Frequently asked questions
- What is a strangle on NXPI?
- A strangle on NXPI is the strangle strategy applied to NXPI (stock). The strategy is structurally neutral / high-volatility (long premium, OTM): A long strangle buys an OTM call and an OTM put at offset strikes, cheaper than a straddle but requiring a larger underlying move to profit since both wings start out-of-the-money. With NXPI stock trading near $281.69, the strikes shown on this page are snapped to the nearest listed NXPI chain strike and the premiums come straight from the end-of-day bid/ask midpoint.
- How are NXPI strangle max profit and max loss calculated?
- Upside max profit is unbounded; downside max profit is bounded at the put strike minus the combined debit (reached at zero). Max loss equals the combined debit times 100 (reached anywhere between the two OTM strikes). Two breakevens at call-strike plus debit and put-strike minus debit. For the NXPI strangle priced from the end-of-day chain at a 30-day expiry (ATM IV 57.10%), the computed maximum profit is unbounded per contract and the computed maximum loss is -$1,565.00 per contract. Live intraday quotes will differ as the chain moves through the trading session.
- What is the breakeven for a NXPI strangle?
- The breakeven for the NXPI strangle priced on this page is roughly $254.35 and $315.65 at expiration, derived from end-of-day chain premiums. Breakeven is the underlying price at which the strategy's P&L crosses zero ignoring transaction costs and assignment risk. The current NXPI market-implied 1-standard-deviation expected move is approximately 16.37%; if the move sits well outside the breakeven distance, the structure's risk-reward becomes correspondingly tighter.
- When should you consider a strangle on NXPI?
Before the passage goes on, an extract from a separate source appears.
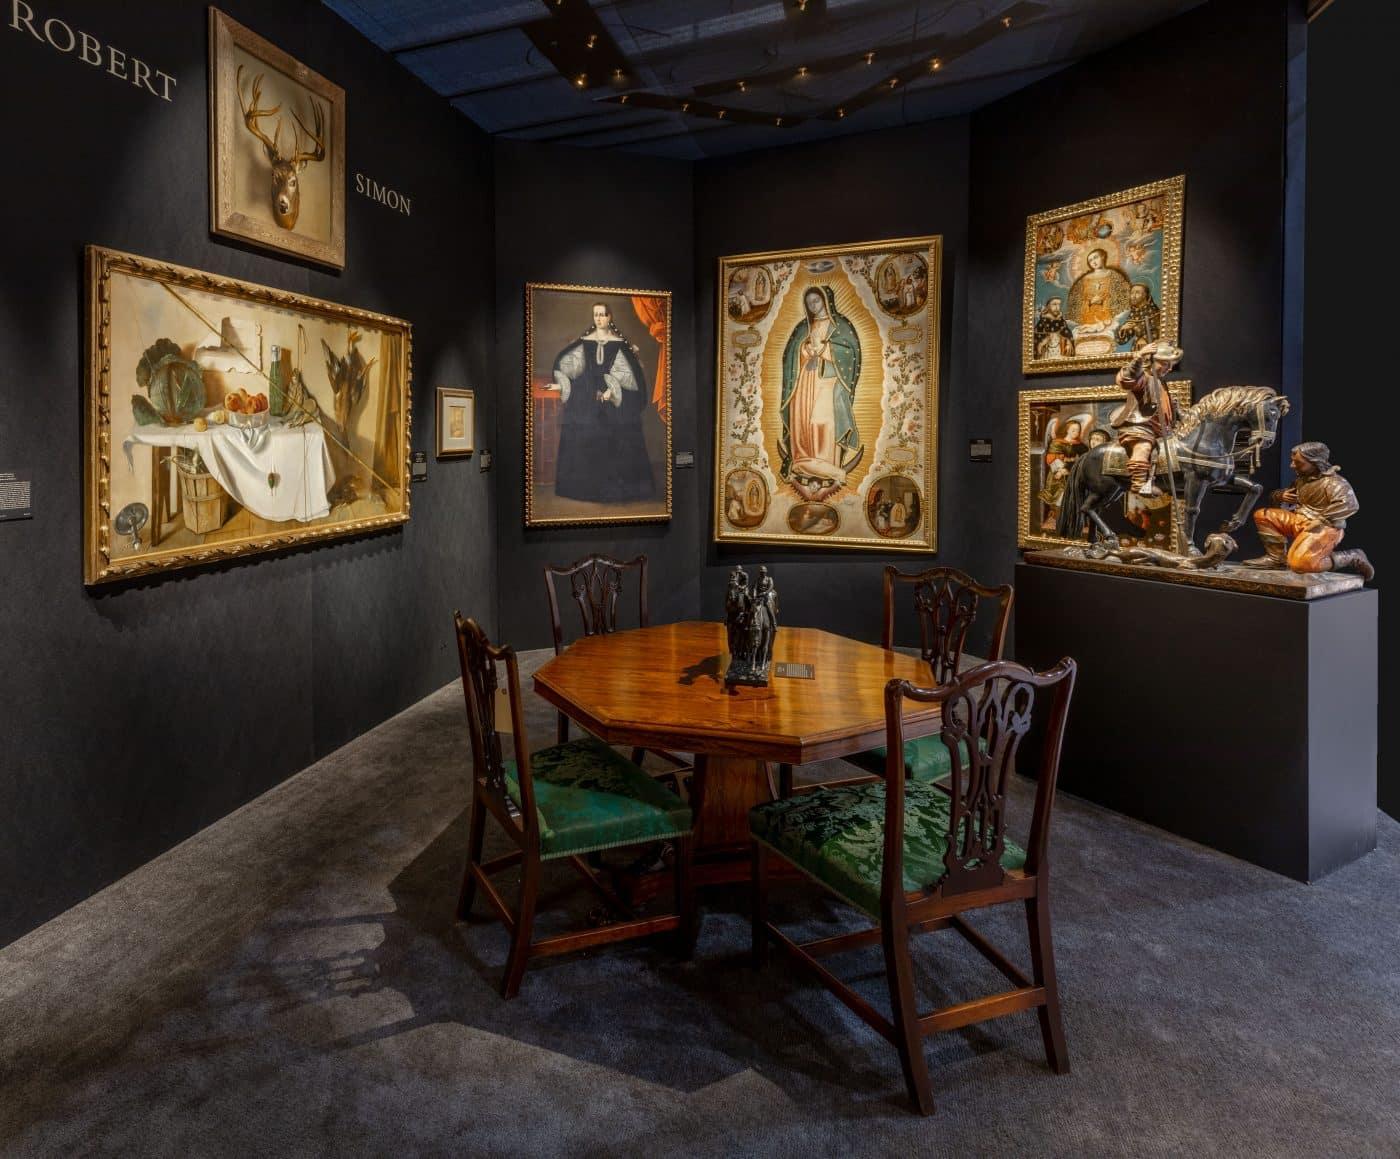 Robert Simon Fine Art's booth at the 2020 Winter Show

- Strangles on NXPI are the cheaper cousin of the straddle - traders use them when they want a large directional move but are willing to give up the inner-strike sensitivity in exchange for a lower up-front debit on the NXPI chain.
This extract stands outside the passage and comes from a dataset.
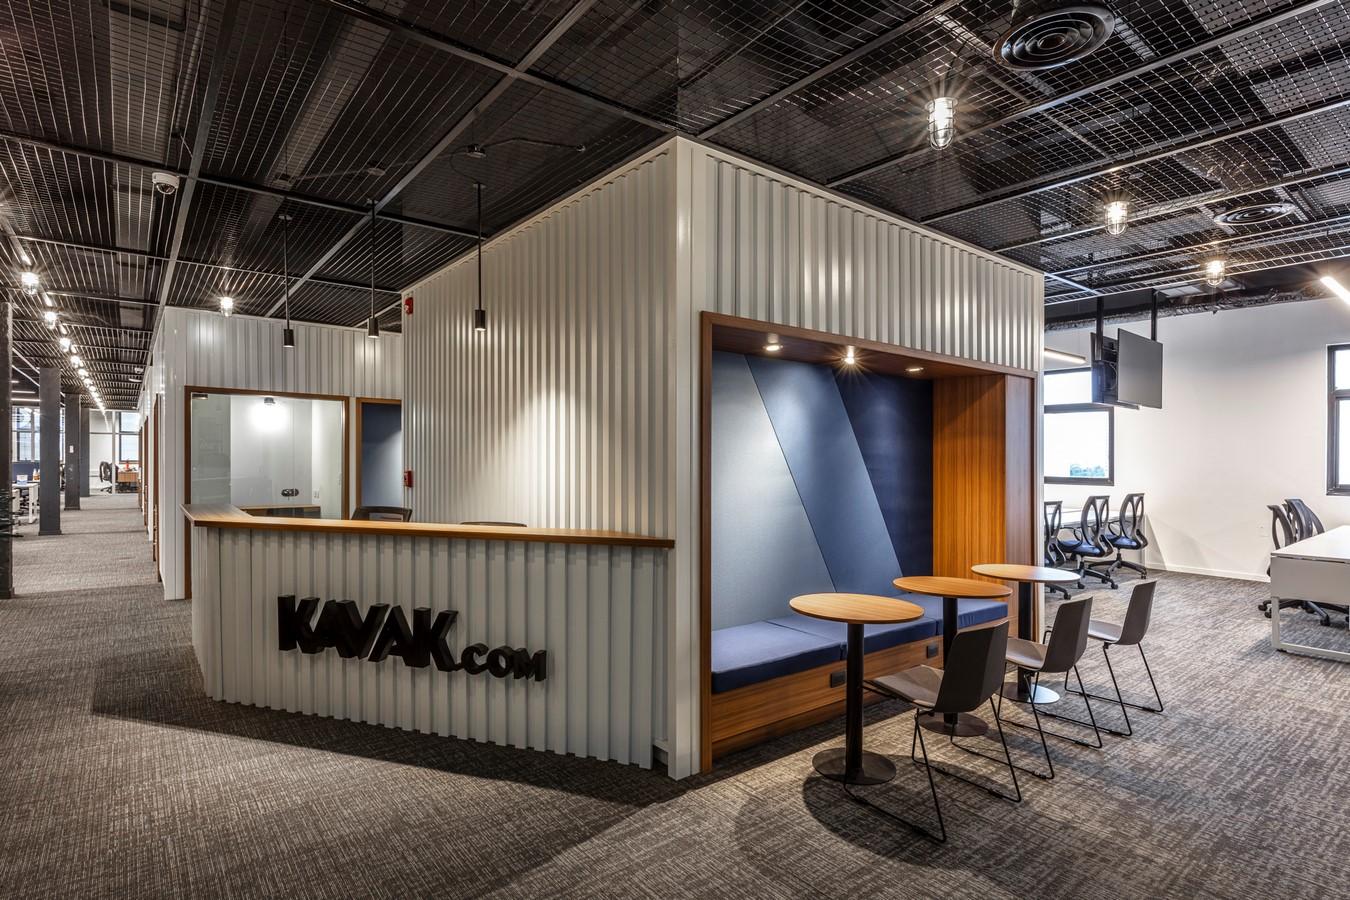 Kavak office by Hitzig Militello Architects - Sheet1

- How does current NXPI implied volatility affect this strangle?
- NXPI ATM IV is at 57.10% with IV rank near 73.76%, which is elevated relative to its 1-year range. Premium-selling structures (covered call, cash-secured put, iron condor) generally look more attractive when IV rank is high; premium-buying structures (long call, long put, debit spreads) are more expensive in that regime.